Create a Content Understanding analyzer

5 minutes

In most scenarios, you should consider creating and testing analyzers using the visual interface in the Microsoft Foundry portal. However, in some cases you might want to create an analyzer by submitting a JSON definition of the schema for your desired content fields to the REST API.

Defining a schema for an analyzer

Analyzers are based on schemas that define the fields you want to extract or generate from a content file. At its simplest, a schema is a set of fields, which can be specified in a JSON document, as shown in this example of an analyzer definition:

{
    "description": "Simple business card",
    "baseAnalyzerId": "prebuilt-documentAnalyzer",
    "config": {
        "returnDetails": true
    },
    "fieldSchema": {
        "fields": {
            "ContactName": {
                "type": "string",
                "method": "extract",
                "description": "Name on business card"
            },
            "EmailAddress": {
                "type": "string",
                "method": "extract",
                "description": "Email address on business card"
            }
        }
    }
}

This example of a custom analyzer schema is based on the pre-built document analyzer, and describes two fields that you would expect to find on a business card: ContactName and EmailAddress. Both fields are defined as string data types, and are expected to be extracted from a document (in other words, the string values are expected to exist in the document so they can be "read"; rather than being fields that can be generated by inferring information about the document).

Note

This example is deliberately simple, with the minimal information needed to create a working analyzer. In reality, the schema would likely include more fields of different types, and the analyzer definition would include more configuration settings. The JSON might even include a sample document. See the Azure Content Understanding REST API documentation for more details.
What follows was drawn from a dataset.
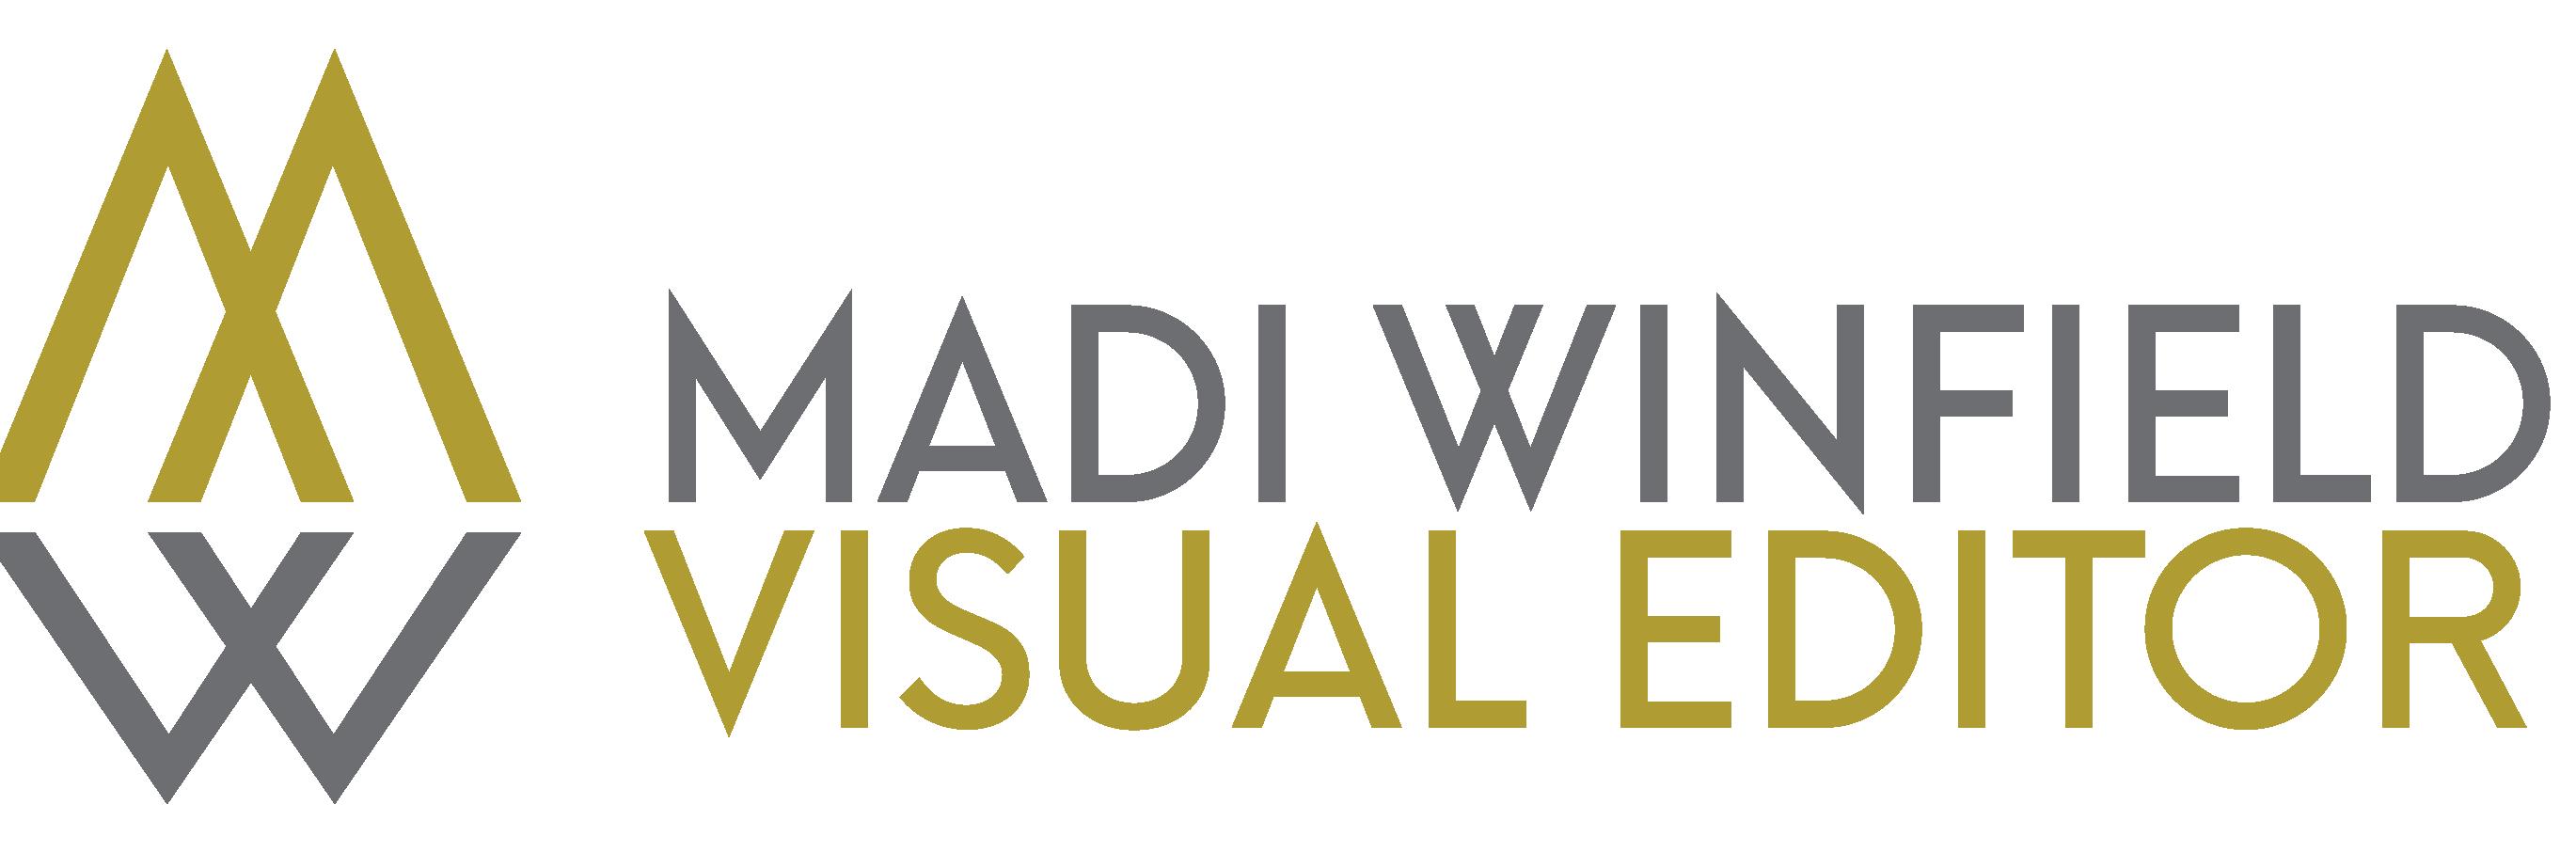 Madi Winfield | Visual Editor

Using the REST API to create an analyzer

With your analyzer definition in place, you can use the REST API to submit it to Azure Content Understanding to be created. The JSON data is submitted as a PUT request to the endpoint with the API key in the request header to start the analyzer creation operation.

The response from the PUT request includes a Operation-Location in the header, which provides a callback URL that you can use to check on the status of the request by submitting a GET request.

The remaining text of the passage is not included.